Another Step Towards Unbreakable Quantum Encryption

Long-distance relay proves concept of foolproof security using entangled photons

A group of European scientists succeeded in beaming an encryption code based on photons across about 90 miles of ocean. The experiment took place recently in the Canary Islands, from a light source on the island of La Palma to a receiving station on nearby Tenerife. The researchers published their exploits in this month's issue of the academic journal Nature Physics.

According to the European Space Agency, which funded the study, the experiment allows ESA to move closer to harnessing entanglement as a means of "communicating with satellites with total security."

Entanglement is an unusual property of quantum mechanics used to describe the manner in which photons naturally interact with each other. Using a non-linear process called Spontaneous Parametric Down Conversion (SPDC), it is even possible to directly create pairs of entangled photons. These entangled photons lend themselves to encryption applications because of their unique linkage.

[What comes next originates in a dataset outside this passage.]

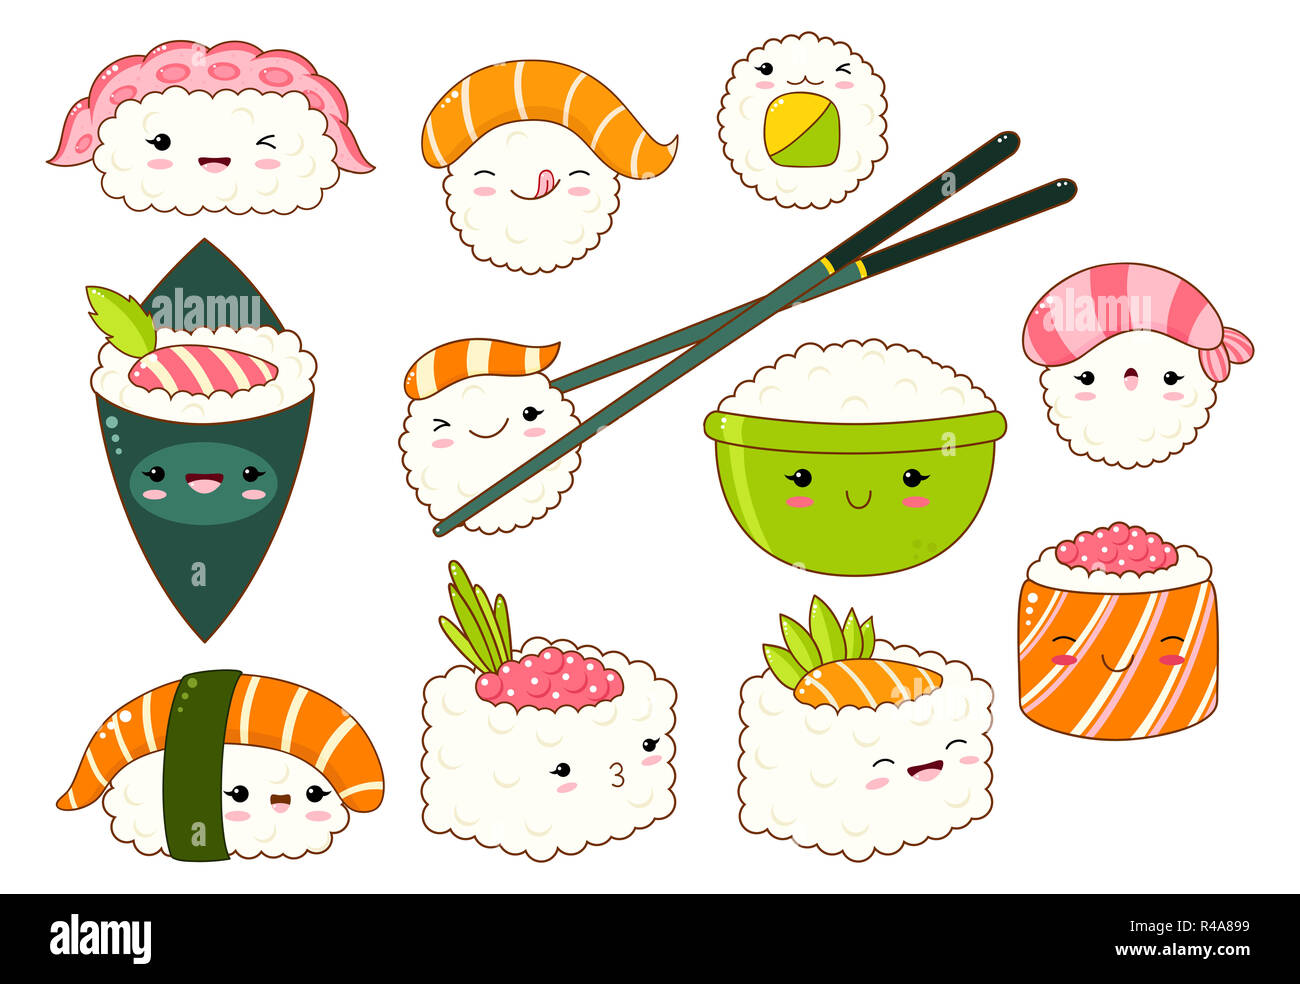 Ensemble de rouleaux de sushi et mignon des icônes dans le style kawaii avec sourire et joues roses. La cuisine traditionnelle japonaise. Temaki, baguettes, nigiri, Banque D'Images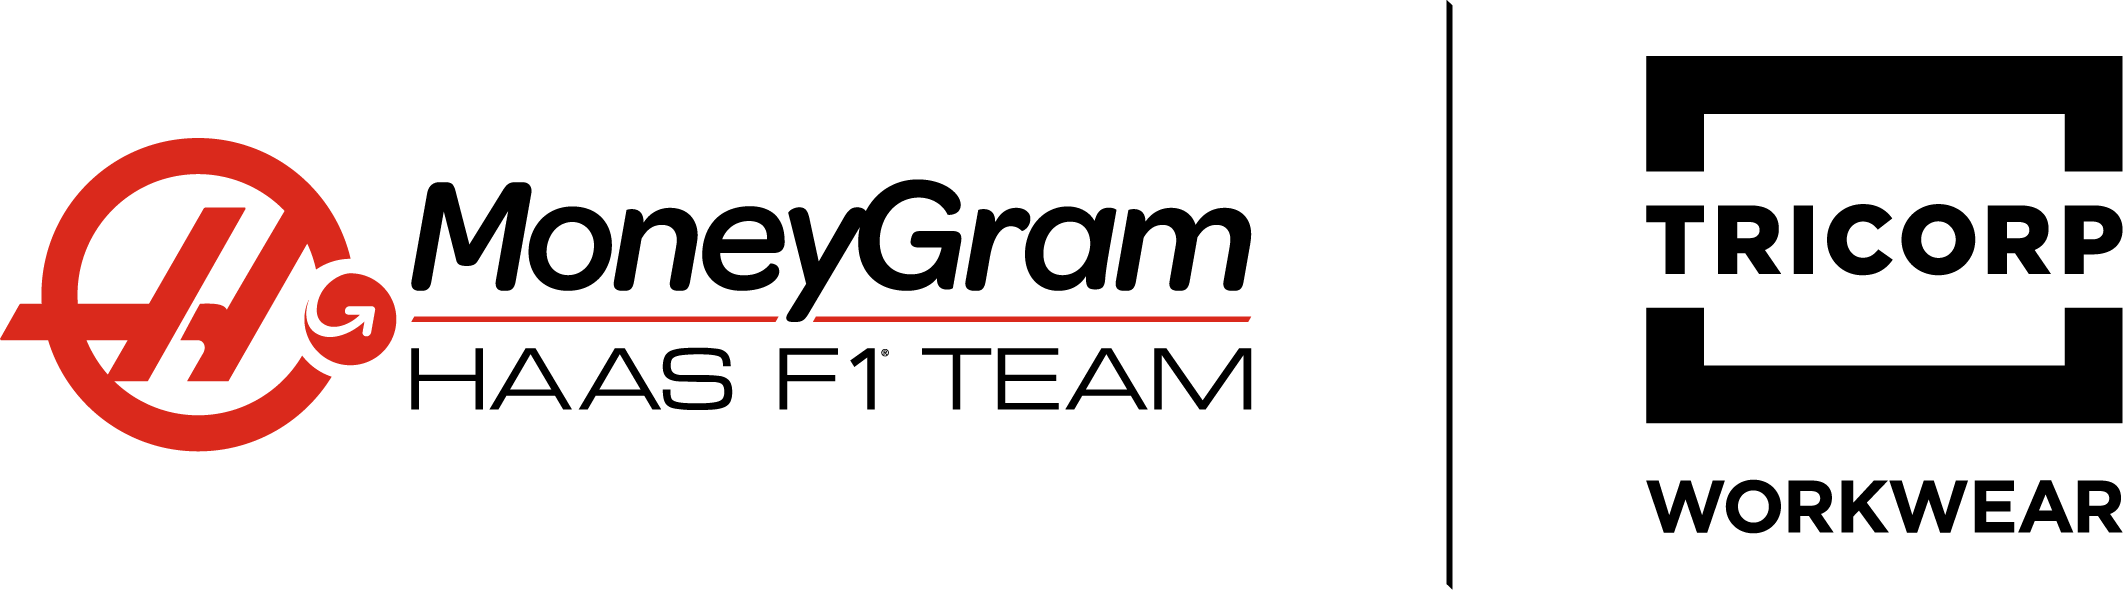 MoneyGram Haas F1 Team Merchandise Gear Up Like a True Fan

If one photon is exposed to a third particle, both of the paired photons will change their state instantaneously -- even though one of the photons is physically separated from its mate.

The degree of change in the state of the paired photons is completely random and unpredictable, according to ESA, theoretically foiling any attempt by a third party to decode the message without actually intercepting the quantum encryption key. However, the very act of detecting the photons would change the state of the photon pair, betraying the presence of an eavesdropper. "These changes would be obvious to the legitimate receiving station and the presence of the eavesdropper would be instantly detected," ESA wrote in its official announcement of the experiment's success. "Such behavior has the potential to allow messages to be swapped with complete confidence."

Prior to the inter-island experiment, it was not known whether entanglement would be adversely affected when the beam of entangled photons was transmitted through the atmosphere over a considerable distance. The favorable results of the experiment have given the space agency confidence that entanglement does not decay over long distances, indicating that quantum encryption can be harnessed for securing satellite communications.

Possible applications for the unbreakable code might include transmissions of financial data between banks, military communications and even the distribution of feature films, according to ESA officials.